Il succedersi degli attacchi terroristici nell’anno appena trascorso ha indotto negli stati occidentali un sempre più grave stato di allerta verso l’insieme del sud-est mediterraneo e dei paesi islamici in generale. Sono fatti atroci che creano un atteggiamento emotivo di paura, quando non vero e cieco terrore, e tutti i migranti diventano potenziali terroristi o quanto meno invasori propensi a delinquere ed è sempre più evidente che il sentire comune tende a confondere il gesto folle di poche centinaia, o anche migliaia, o forse se vogliamo decine di migliaia di fanatici che uccidono in nome di Allah, con un miliardo e duecento milioni di persone che, a ben vedere, non sono poi così diverse da noi. Tuttavia, se si riflette freddamente e in termini statistici sui dati che ci pervengono dalle cronache giornaliere è da notare che quando l’attentato si rivolge a noi e produce morti e feriti in numero a tutt’oggi per così dire limitato, paginate intere colme d’orrore vengono spese sull’accaduto, ma quando invece le azioni terroristiche sono interne a loro – molto più numerose considerato che gli attentati nei paesi islamici sono all’ordine del giorno – pur producendo morti e feriti a centinaia le notizie vengono relegate ai margini.

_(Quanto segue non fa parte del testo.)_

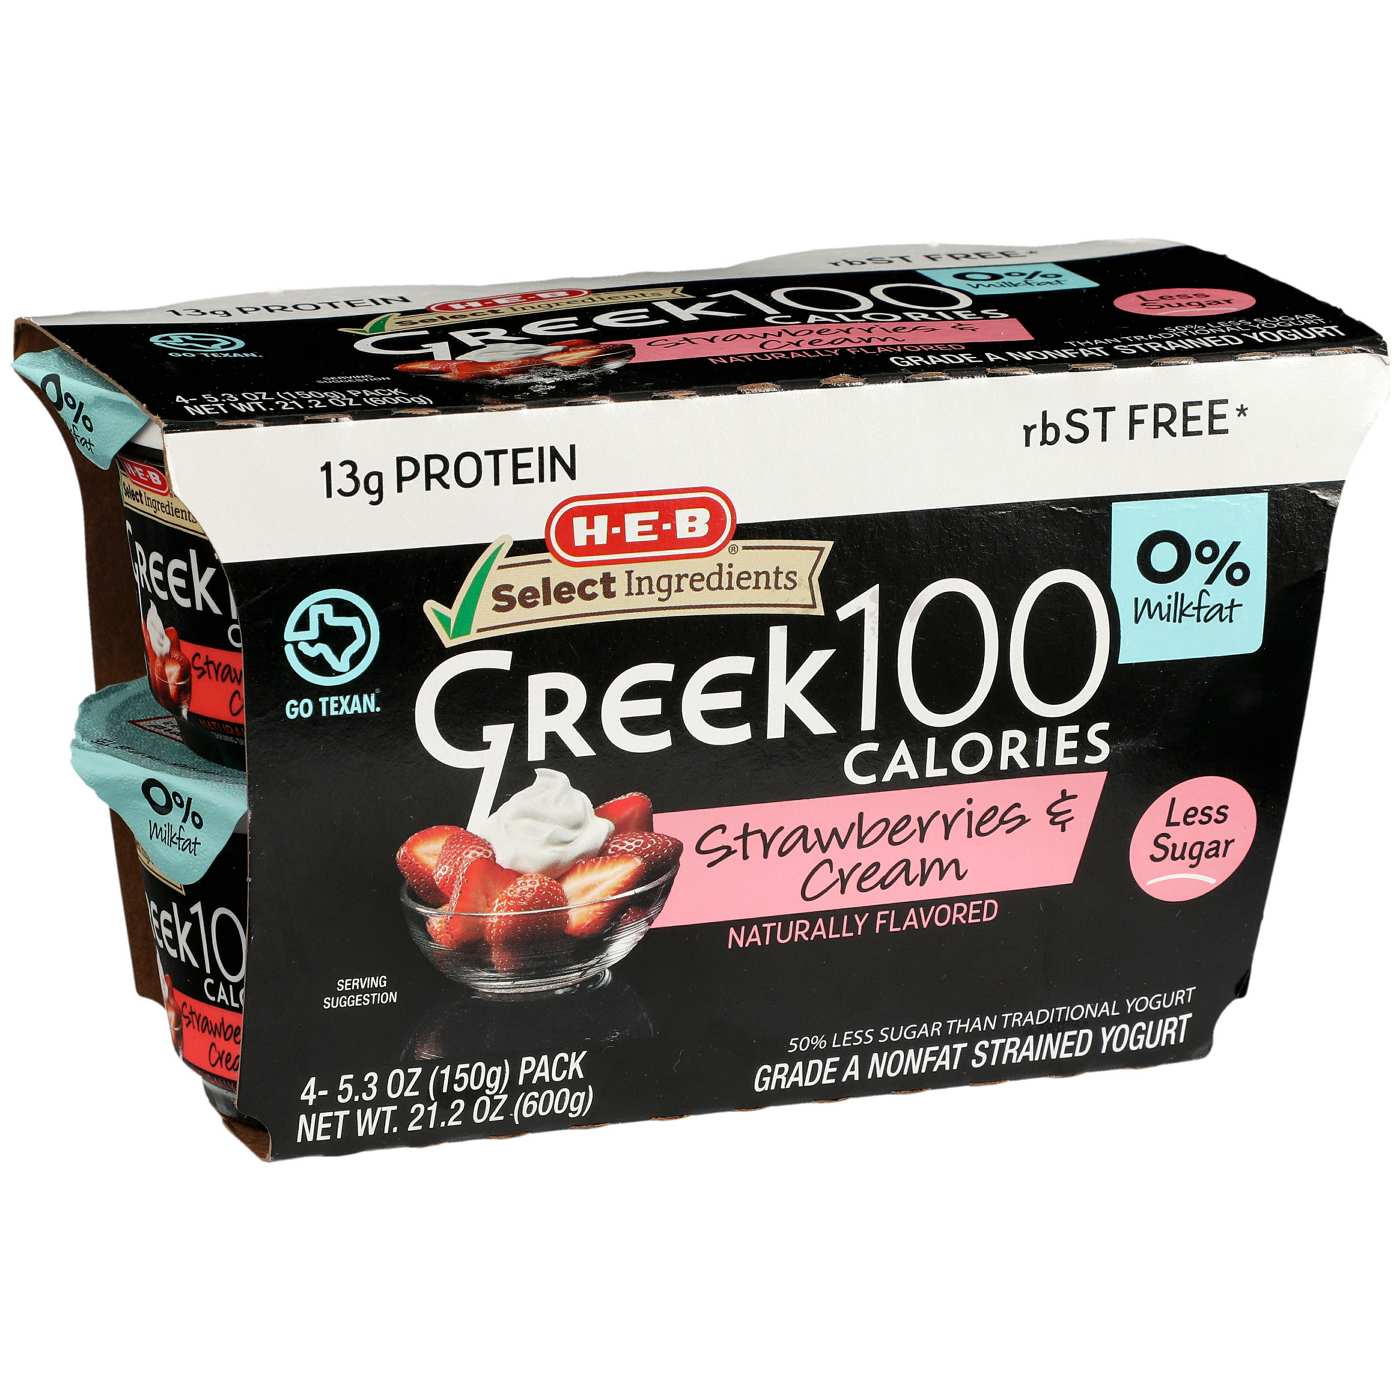 H-E-B 13g Protein Greek 100 Calories Nonfat Yogurt - Strawberries & Cream; image 1 of 2
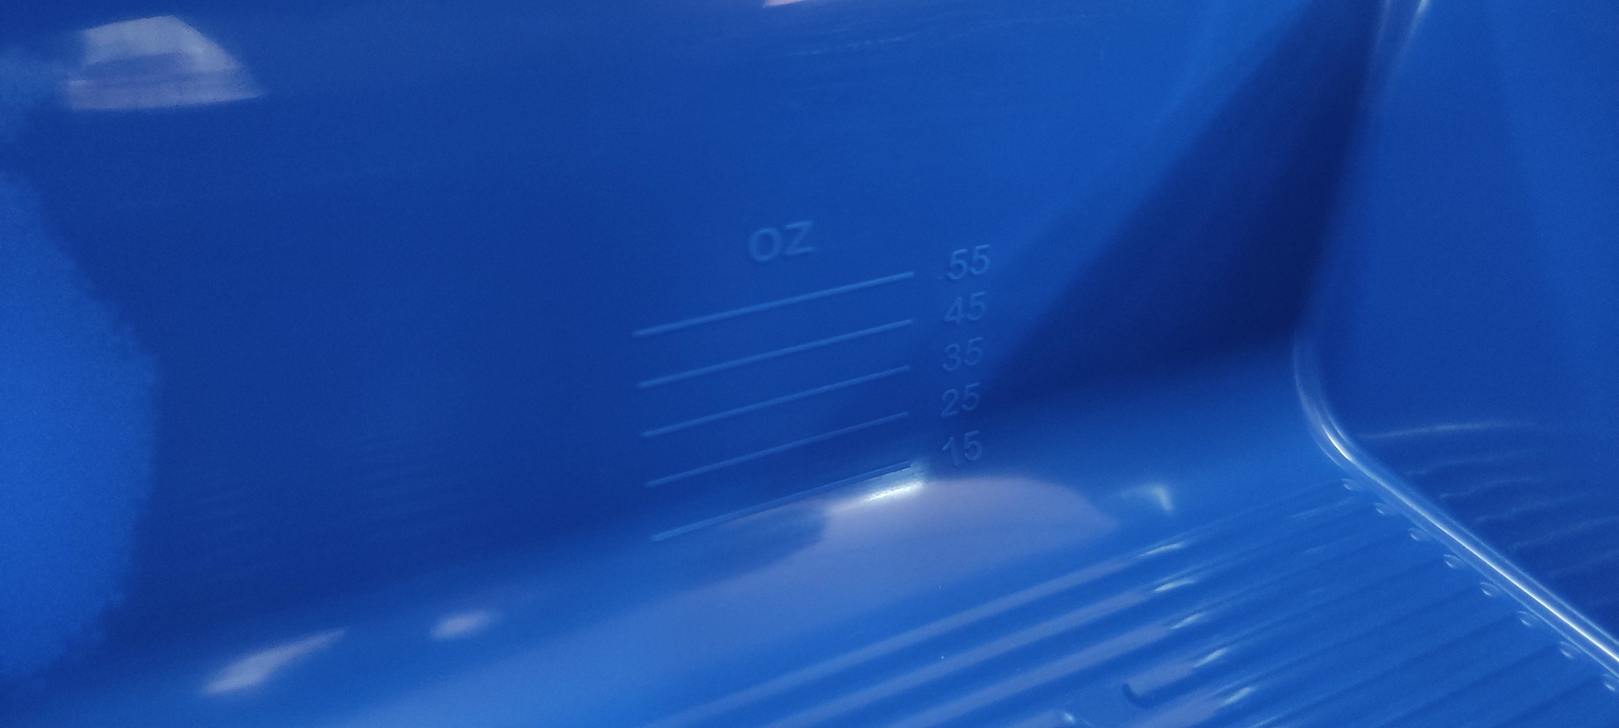 Ванночка малярная / кювета для краски, валиков 300 х 330 мм STORCH Prof, пластмассовая

In poche parole, migliaia di morti loro ci commuovono poco mentre fa scalpore un numero molto più limitato di morti nostri.
Si parla di scontro di civiltà ma è una valutazione semplicistica: le vittime del terrorismo di matrice islamica sono in prevalenza mussulmani che leggono il Corano e lo interpretano in modo diverso, perché diverso è essere sciita o sunnita… Anche per noi Cristiani quanti credi diversi in nome di un solo dio e quanti roghi, impiccagioni, sevizie e torture da parte della Santa Inquisizione nata per combattere i valdesi, i catari, i protestanti, gli ebrei… in breve tutti coloro che non si conformavano alla dottrina cattolica. Ricordiamoci di Giovanna d’Arco, di Giordano Bruno, di Girolamo Savonarola e del processo a Galileo, senza dimenticare la “caccia alle streghe” di matrice protestante che imperversò in Europa e nella nascente America tra il 1400 fino ai primi decenni del 1700? Molti oggi ignorano, o addirittura negano, l’Olocausto di matrice europea da cui temporalmente ci dividono solo poche decine di anni… Non si trattava certo di scontro di civiltà allora ma di odio interno. Molti ignorano anche che vi fu un tempo in cui la civiltà araba era paragonabile se non superiore a quella cristiana e paradossalmente per lo più tollerante e che la scienza intesa in senso moderno la dobbiamo in buona parte agli Arabi, illuminati invasori della Spagna, che salvarono dall’oblio i testi della Grecia classica.
Oggi è vero vi è una tendenza se non all’unificazione dei credi almeno a un dialogo, con iniziative comuni quali le marce della pace di Assisi che si spera possano essere condivise sempre più dalle altre fedi, ma cosa fare di più per evitare i conflitti di matrice religiosa?
Auspicando un maggiore impegno da parte dell’intera comunità islamica per contrastare dall’interno il fenomeno terrorista, andrebbe diffusa a livello planetario la conoscenza della storia dei popoli (quindi delle religioni) valutata in termini geopolitici e non con il metro occidentale, spesso intriso di arroganza, perché solo conoscendo gli altri possiamo dialogare senza pregiudizi.
Per questo andrebbero interpretate da ogni parte e con intenti di pace le Sacre Scritture, che molto hanno in comune quantomeno nelle tre religioni monoteiste (in fondo Cristo era circonciso, Luca (2,21)), facendo un’opera di divulgazione interculturale e interreligiosa. Questo può portare al superamento dell’ignoranza, humus su cui agiscono recentemente con molta fortuna, tanti malevoli predicatori. Naturalmente molte responsabilità gravano sui governi occidentali che sembrano travolti dall’onda lunga dell’invasione inversa. Anche se oggi si possiedono i mezzi virtuali, questi andrebbero utilizzati in modo pacifico, agendo con pazienza e determinazione ma soprattutto in un disegno strategico chiaro e condiviso, che anche se non sembra oggi facilmente fattibile, tutti abbiamo il dovere di perseguire in un pianeta che ci va sempre più stretto.
Vanno abbattuti i muri della diffidenza reciproca per costruire ponti verso gli altri, solo un bridging basato sul coraggio d’incontrare il diverso può far crollare il muro di odio che la storia delle invasioni reciproche ha costruito tra l’Est e l’Ovest. Solo così i timori, le paure e il terrore dei singoli possono trasformarsi in amicizia e fratellanza.
Come per l’Ulisse dantesco, non si teme l’ignoto quando si cerca la conoscenza. Oggi come sempre è la cultura a renderci veramente virtuosi.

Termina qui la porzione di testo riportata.